237.131 week 10

1. Inspired by Kerry Ann Lee’s lecture and Tze Ming Mok’s essay, create a piece of creative non-fiction in which you talk about your own cultural identity. You must make at least one connection with a significant moment in the history of Aotearoa (i.e like Tze Ming Mok did with the attack on Chi Phung, the National Front protest, and the Seabed and Foreshore hīkoi), and you must draw from your own lived experience (200 words).

She stands in the middle of two cultures. Born in New Zealand, of Chinese descent. She has an identity that is split in half, she is no more one than the other. Does this make her unique? Special? This makes her different.

New Zealand. A place where cultural difference is welcomed.

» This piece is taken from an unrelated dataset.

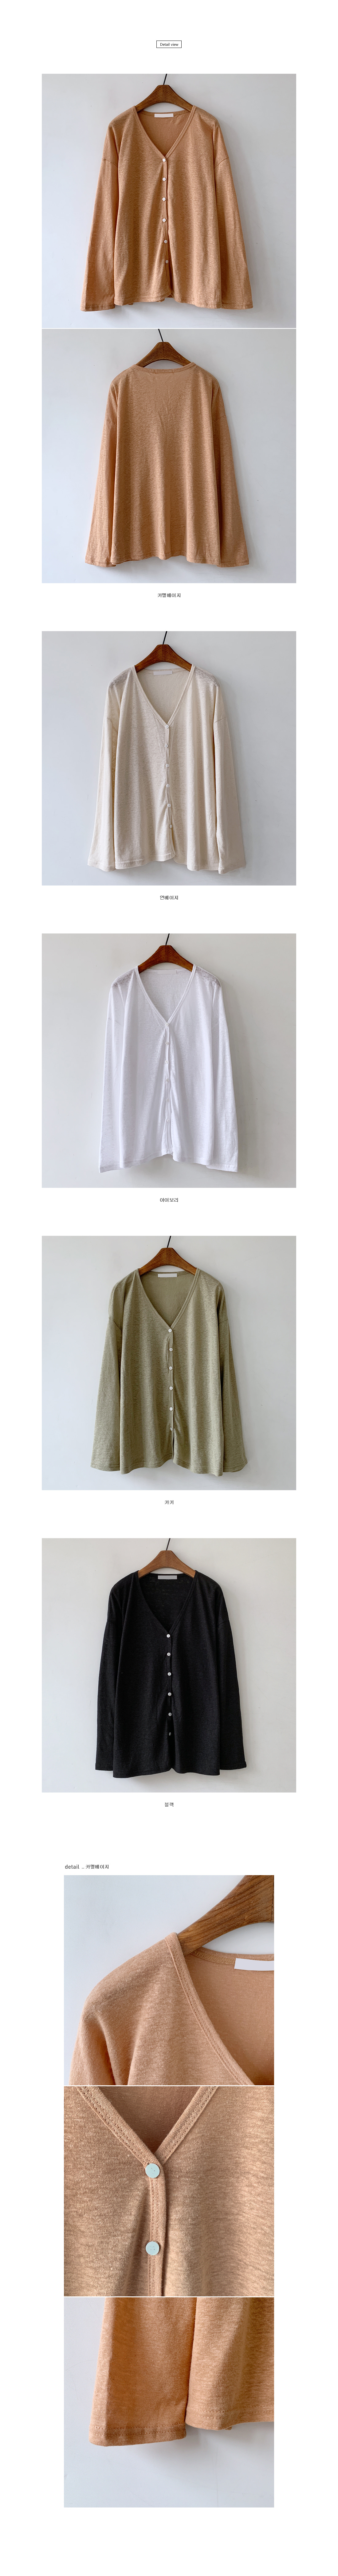 Hug linen cardigan, t-shirt

But she knows first hand, this is a lie. Every day, she is defined by her apparent ethnicity, every day she remains in the margins.

She’s that “Asian bitch”.

Getting used to it is not that same as acceptance.

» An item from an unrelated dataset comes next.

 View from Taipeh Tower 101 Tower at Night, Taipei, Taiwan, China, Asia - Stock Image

Like Sake Aca said racial taunts hurt. Racism corrupts all aspects of life, it made it onto the rugby pitch in mid-2015 and its made it into the streets in late 2016. It’s inevitably becoming more blatant.

Her and Aca are minorities now. But, there will come a time where minorities are history, there will come a time where equality will flourish. There will come a time where ALL are indifferent. That day is not today, perhaps not even in her lifetime. But, where there is hope there is change. And she is an advocate for that.

2. Go to the library and ask for one of the 237.131 2 hour loan books. Find the name of a creative practitioner in that book, then search for that name on the book catalogue PCs (upstairs, level B – don’t use Discover). Locate an image of their work (preferably in print) that fits with your creative writing. Scan this and upload it to your blog, remembering to include a caption.

screen-shot-2016-10-13-at-12-42-48-pmscreen-shot-2016-10-13-at-12-43-15-pmscreen-shot-2016-10-13-at-12-43-06-pmscreen-shot-2016-10-13-at-12-42-58-pm

Brownson, Ron. Home AKL: Artists of Pacific Heritage in Auckland. Auckland, N.Z.: Auckland Art Gallery Toi O Tamaki, 2012. Print.

Edith Amituanai approaches intimacy as if she was an onlooker. This resonates with my writing, my cultural identity is the intimate topic and by removing my immediate presence, i present the audience will a peculiar unfamiliarity.

Works cited

Sherwood, Sam, Brendon Egan, Tony Smith, and Nicole Mathewson. “Fijian Rugby Player Sake Aca Speaks of Anguish at Racial Taunts.” Stuff. N.p., 28 July 2015. Web. 12 Oct. 2016.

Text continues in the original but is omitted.